During the COVID-19 pandemic, new assistance programs and parameters have been introduced. Lenders are working hard to ensure that borrowers affected by the crisis are not required to make any lump sum payments of missed or skipped monthly payments during this time.:

For example, under Fannie Mae’s COVID-19 guidelines, homeowners impacted by the pandemic may be eligible for up to 12 months of reduced or suspended payments.

  • Fannie Mae has suspended foreclosure sales and evictions for 60 days.
  • Borrowers in forbearance will not incur any late fees during this time.
  • Missed payments during the forbearance will not be reported late to credit bureaus.

Work with your lender one-on-one to negotiate the terms of your forbearance. Some forbearances require the borrower to make reduced payments or interest-only payments, while others suspend your mortgage payments entirely while you are in forbearance.

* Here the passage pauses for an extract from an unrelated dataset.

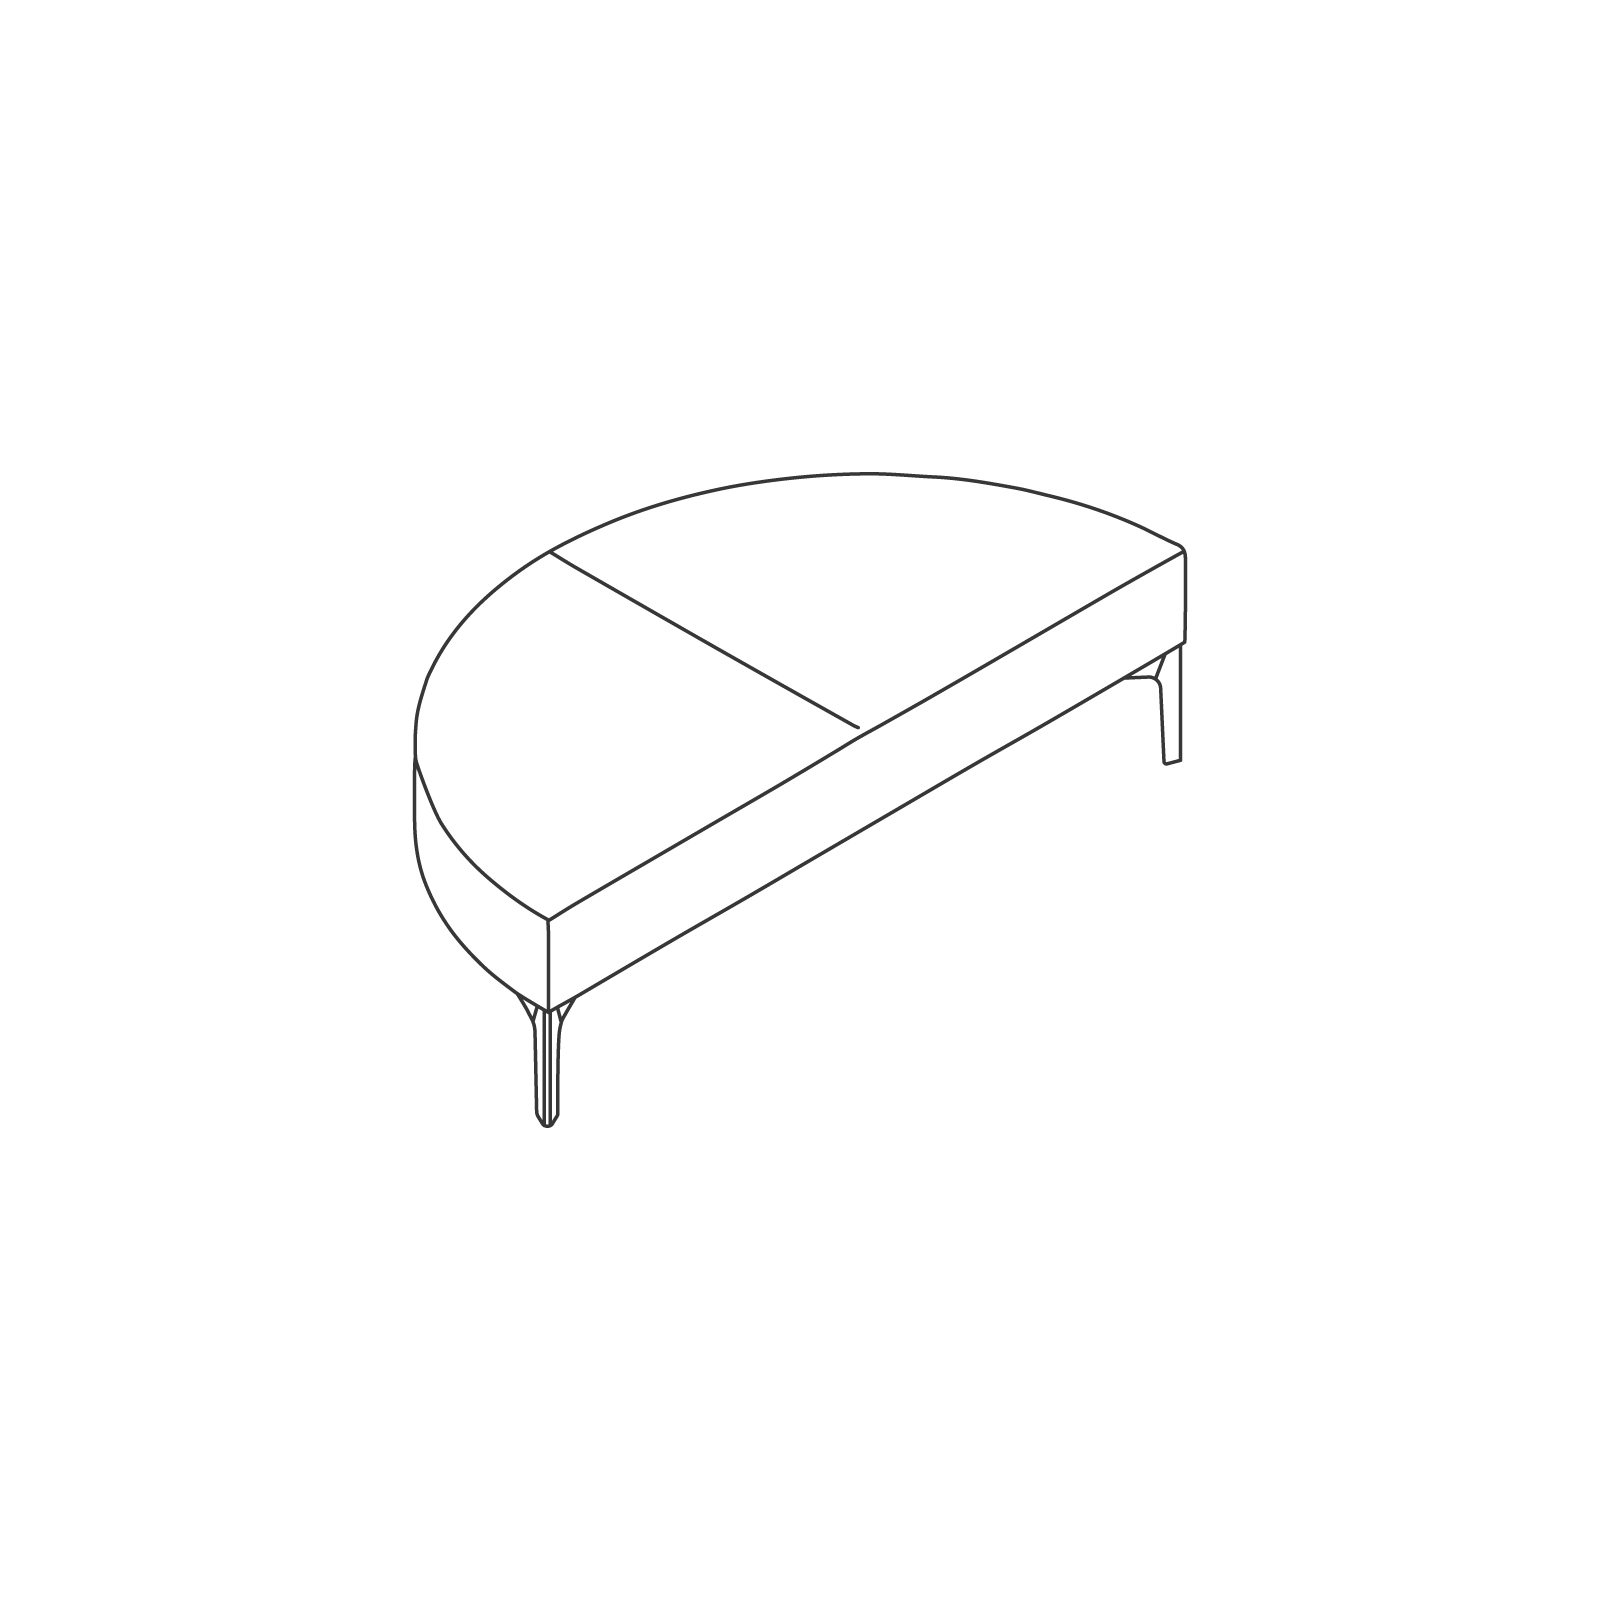 Um desenho de linha - Assento modular Symbol – Banco – Curva externa de 180°

Don’t forget to ask your lender when your suspended payment amounts will be due. Remember, a forbearance doesn’t eliminate the payments you would owe during this time. You may have these “missed” payments added to the end of your loan period, or you may work with your lender on loan modifications that alter some or all of your remaining payment amounts.

An Exception to the Rule: Student Loans

Note that federal student loans work a bit differently than other loan types. With subsidized federal loans and Perkins loans, you will not accrue any interest during a deferment. You will, however, continue to accrue interest on any unsubsidized federal loans.

Interest accrues as usual with a forbearance, so you will end up owing more overall and have the payments you skipped added to the end of your loan. Federal student loan forbearance is limited to 12-month periods. Deferments of these loans can last longer and typically require a qualifying event such as unemployment or documented financial hardship.

The Final Word

The bottom line: Know what you’re getting into. Deferment, forbearance and skip-payment offers can be worthwhile as long as you understand exactly how your offer works and when you’ll be required to pay. Accepting these offers won’t have a negative impact on your credit, as long as you make the required payments later on.

While deferment and forbearance aren’t long-term solutions, they can certainly help you stay afloat in times of crisis or personal emergency. You’ll pay extra interest in the long run. But for many people, spending a little extra money later is better than risking damage to your credit and potentially losing a lot more now.